A kind of commending system safety detection method based on data tracing proposed by the present invention includes following three steps:
1. data prediction detects scoring item.
2. PROJECT TRACKING and prediction, when can be applied to using Extended Kalman filter (Extended Kalman Filter) Between nonlinear dynamic system the characteristics of, track and prediction term purpose scoring situation.
3. attacking user's classification, recycle linear discriminant analysis LDA (Linear Discriminant Analysis) right Scoring abnormal user in project carries out cluster analysis, so as to judge attack user and its general picture in the project.
Further, above-mentioned data prediction, specifically includes:
A:The scoring of all items in current commending system is traversed, obtains the history score data of all users.
B:According to the respective history score data of all users identify project collection i in project j t moment data statistics Feature avgtAnd vart
Above-mentioned PROJECT TRACKING and prediction, specifically include:
C:According to the avg of project jt-1And vart-1Acquisition project j is calculated in the SACA values of t moment and SVCA values.

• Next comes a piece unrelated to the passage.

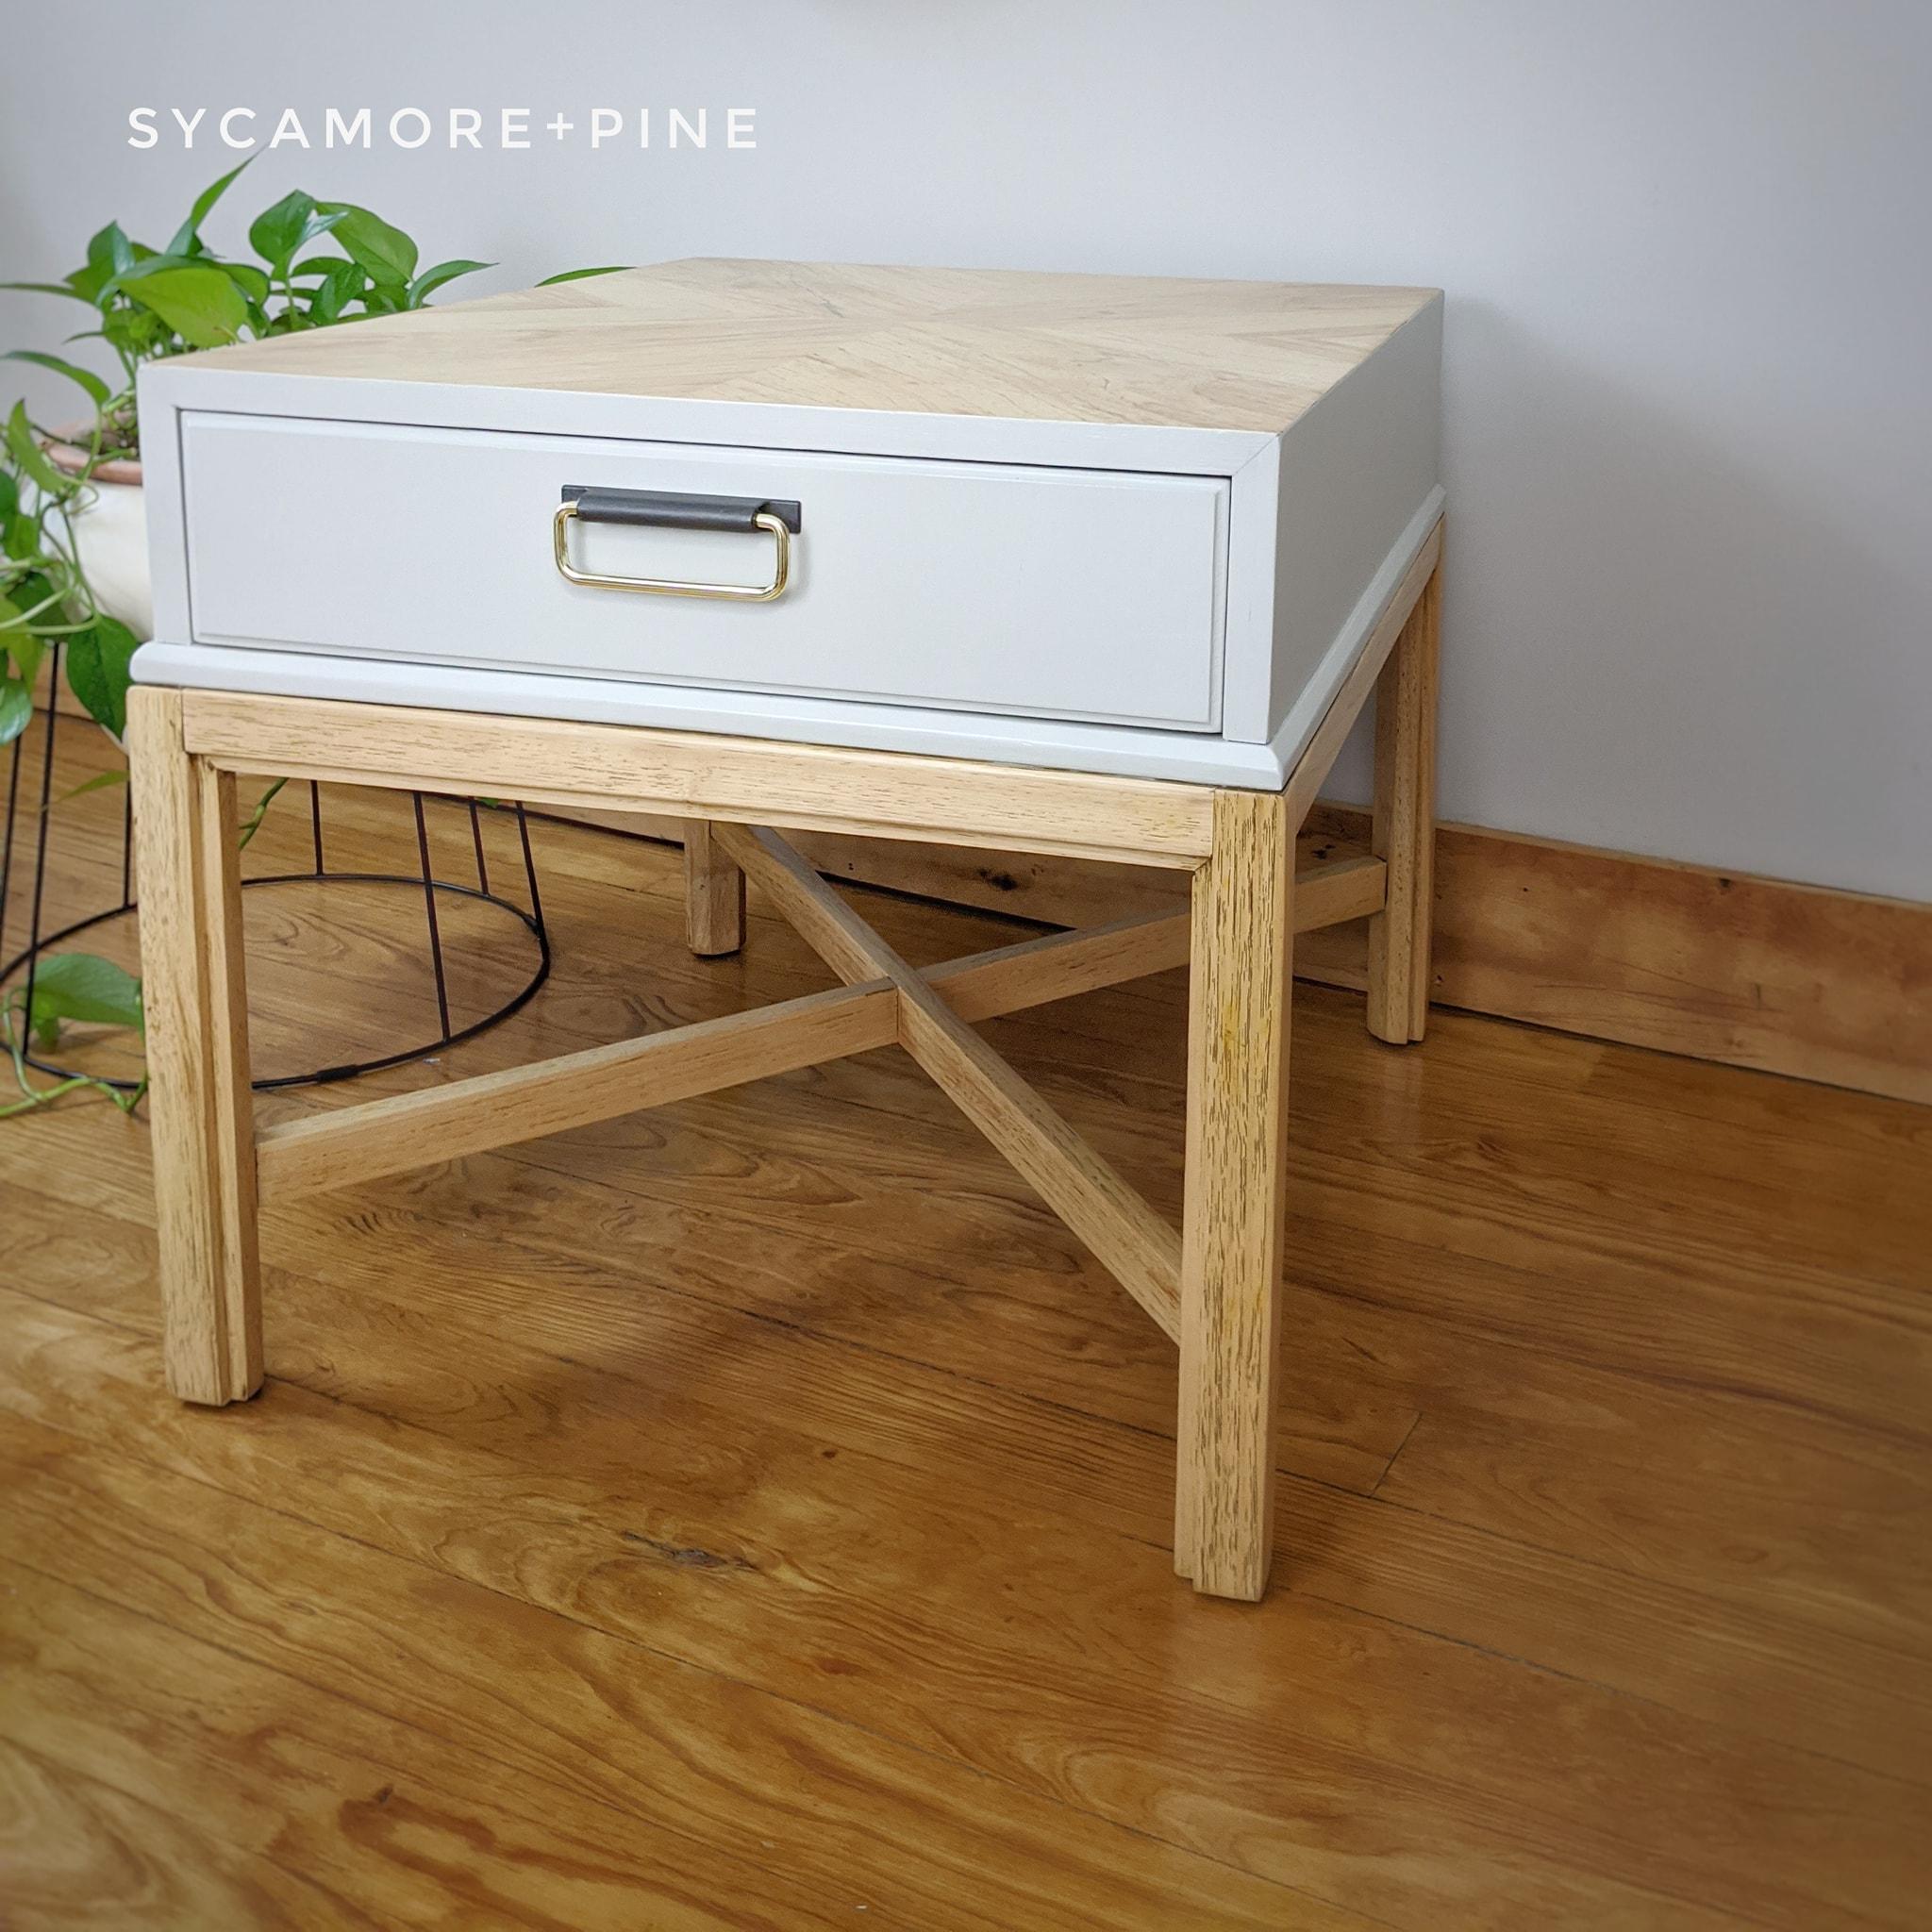 Drexel Table

D:Extended Kalman filter initializes, and obtains current project j and is in the system mode of t momentObservation state Y (t) and system mode error co-variance matrix P (t).
E:System mode X (t+1 | t)=f [t, X (t)]+G (t) W (t) of calculating project j at the t+1 moment, the t+1 moment Observation state Y (t+1 | t)=h [t, X (t)]+V (t), wherein, W (t) is process noise, and f (t) and h (t) they are that system does single order Thailand The nonlinear function that expansion obtains is strangled, V (t) is observation noise, and G (t) is noise profile matrix.
F:First-order linear state equation is solved, calculates state-transition matrix Φs (t+1) of the project j at the t+1 moment,
G:First-order linear observational equation is solved, calculates observing matrix Hs (t+1) of the project j at the t+1 moment,
H:System mode error co-variance matrix P is calculated using the project j state-transition matrixes extrapolated at the t+1 moment (t+1 | t), P (t+1 | t)=Φ (t+1) P (t | t) ΦT(t+1)+Q, wherein, Q be process-noise variance value, ΦTFor turning for Φ It puts.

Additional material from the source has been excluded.